AMD slaps down Intel Arc potential

Radeon RX 6500M vs. Intel Arc A370M. No contest, says AMD.

Last week Intel officially debuted Arc mobile GPUs destined for a wide range of laptops this summer. Joining Nvidia and AMD to make a three-horse discrete graphics race for the first time ever, Arc is a big deal. Marketing wars have begun in earnest as AMD reckons its Radeon RX 6500M GPU takes rival Intel Arc A370M to the framerate cleaners.

Launching this PR offensive by an innocuous post on Twitter, AMD believes the RX 6500M is quite a bit faster than the premier Arc 3 GPU when gaming at 1080p.

There are more provisos than we care to shake a stick at. Though medium settings are described, exactly what are they? Is AMD boosting framerate by implementing FidelityFX Super Resolution (FSR)? How exactly was the Intel Arc A370M tested? Were the two laptops housing these cards identically configured? So on and so forth.

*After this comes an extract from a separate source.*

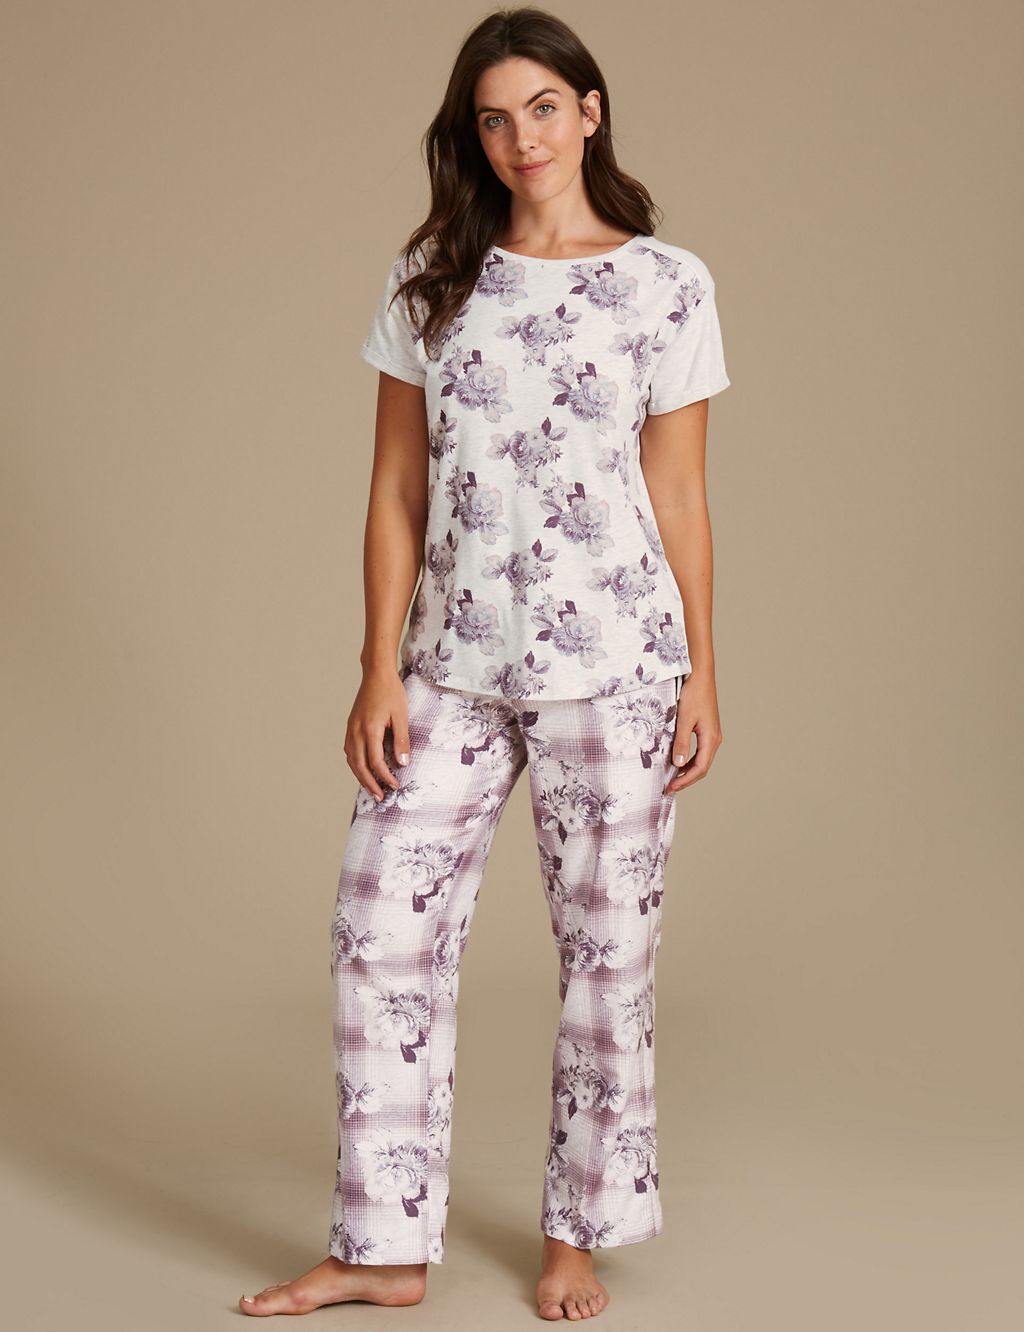 Floral Print Short Sleeve Pyjama Top 4 of 6

More questions than answers, and AMD has naturally chosen games it does best in, but we can ask is the comparison even apt in the first place? The answer is yes because both GPUs vie for supremacy in the same segment.

Intel Arc A370MAMD Radeon RX 6500M
FabricationTSMC N6TSMC N6
Transistors7.2bn5.4bn
Shaders1,0241,024
GPU core speed1,550MHz2,191MHz
Die Size157mm²107mm²
Memory size, type, width4GB, GDDR6, 64-bit4GB, GDDR6, 64-bit
Hardware ray tracingYesYes
Nominal power budget35-50W50W

Designed for thin-and-light gaming laptops

Vital specifications reinforce their comparative nature. On first blush, Intel takes up a heck of a lot more die size considering both GPUs are hewn from the same process at TSMC, and this is most likely due to the extra AI-specific technologies present in Arc.

Is AMD being smart here, though? We say this as RX 6500M is naturally plumbed in with a 50W TDP while Arc A370M spools up from 35-50W. Is AMD comparing a 50W GPU to benchmarks posted by a 35W Intel? Again, this is something we don’t know, but even if this is the case, the performance delta between the pair remains considerable.

There’s no talk of video capabilities as this is an area where, on paper, Intel appears stronger than AMD. But why draw attention to your competitor’s strengths?

The first blows in the GPU race have been struck. A stiff right jab from AMD, but what will Intel’s counter be? Incoming PR haymaker, no doubt.